Cannon Seals the Smith Report, and Washington Calls It Due Process
United States – February 23, 2026 – A judge sealed Jack Smith’s Mar-a-Lago report, and Washington once again mistook secrecy for due process.
I have read enough court orders in fluorescent silence to recognize the sound of a door clicking shut. Paper, toner, courthouse air, and that familiar civic lullaby: this is for your own good.
In Florida, Judge Aileen Cannon has permanently barred the Justice Department from releasing Volume II of former Special Counsel Jack Smith’s final report on the classified-documents investigation tied to President Trump and the Mar-a-Lago case. The order grants requests by Trump and his former co-defendants, Walt Nauta and Carlos De Oliveira. It also bars Attorney General Pam Bondi, and even future attorneys general, from releasing or sharing that volume outside DOJ.
The stated ingredients are real ones: fairness, the presumption of innocence, grand jury secrecy, protective orders. In the right setting, these are bedrock principles. The trouble is the setting is the whole country.
What makes this posture unusual
The underlying criminal case is closed, dismissed, and never reached a verdict. Cannon’s order notes that her July 2024 dismissal rested on her conclusion that Smith’s appointment violated the Constitution’s Appointments Clause, and she also discussed funding issues. With no stay in place, she treats later production of the report as an end-run around her dismissal and the protective order governing discovery.
Meanwhile, the current Justice Department under Bondi opposed public release too, treating the report as privileged and confidential internal work product. Defendants and DOJ rowing the same direction is not a partisan fact. It is a power fact.
The Orwell check: when secrecy gets renamed as constitutional hygiene
The language is soothing: due process, manifest injustice, bedrock principles. The Orwell check asks a simpler question: what action is being taken, and who loses the ability to verify anything?
This is not a temporary delay while a narrow dispute gets sorted. It is a permanent prohibition on release of Volume II outside the Justice Department. That is an information decision with a long tail.
Yes, grand jury secrecy matters. Protective orders matter. Privilege matters. But adult governance is not supposed to be an all-or-nothing choice between sunshine and blackout curtains. We have tools called redaction and independent review.
The Paine test and the liberty ledger
The Paine test is whether the outcome expands liberty for the public or concentrates power for institutions. On one side: people should not be publicly condemned by the government without a trial. On the other: the government can investigate, draft a comprehensive narrative, and then permanently keep that narrative from the citizenry that paid for the investigation. The public gets the bill and not the receipts.

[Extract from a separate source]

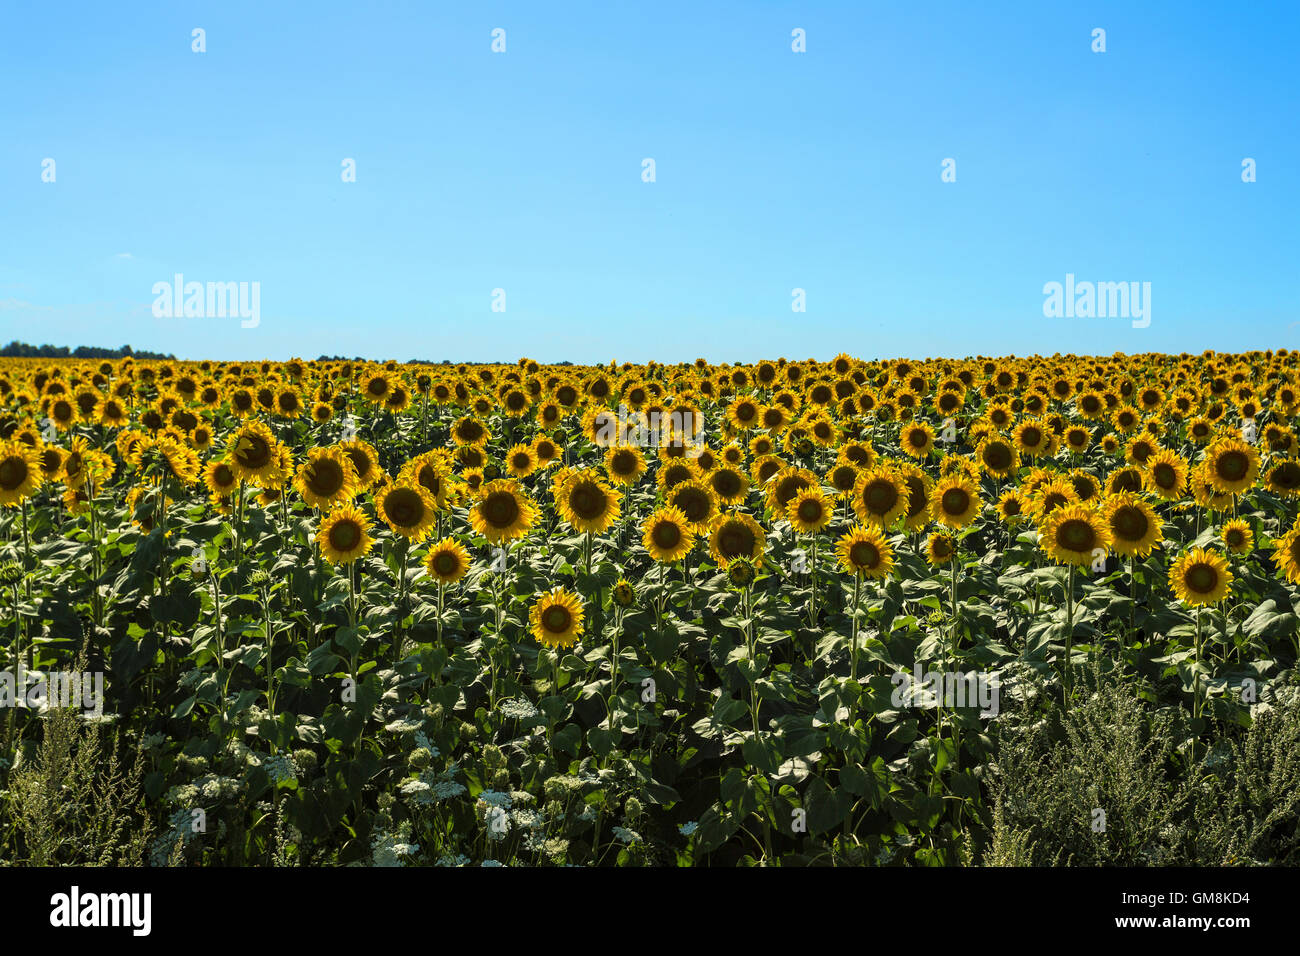 Sunflowers on blue sky Stock Photo

In the liberty ledger: Trump and the co-defendants gain protection from reputational harm from a detailed prosecutorial narrative in a case without a conviction. DOJ gains comfort and confidentiality. The public loses the freedom to evaluate how federal power was used, and the courts lose a measure of trust as the instrument that makes official secrecy feel inevitable.
The tradeoff, and what now
We are buying protection against a government narrative becoming punishment without trial. We are paying with the public’s ability to scrutinize one of the most consequential investigations in modern American politics.
Congress can tighten the special counsel framework so final reports have an expected public-facing component, with mandatory redaction standards and judicial review procedures. Courts can move quickly on pending appeals to clarify boundaries between protective orders, grand jury secrecy, and the public interest when prosecutions end without verdicts. Inspectors general can audit how reports are produced, stored, and handled across administrations. And the press, watchdogs, and citizens can keep demanding structured disclosure rather than accepting the false choice between total release and total silence.
If the government can investigate a president, write up what it found, and then permanently hide it with the blessing of both the defendants and the department, who is this system actually designed to serve?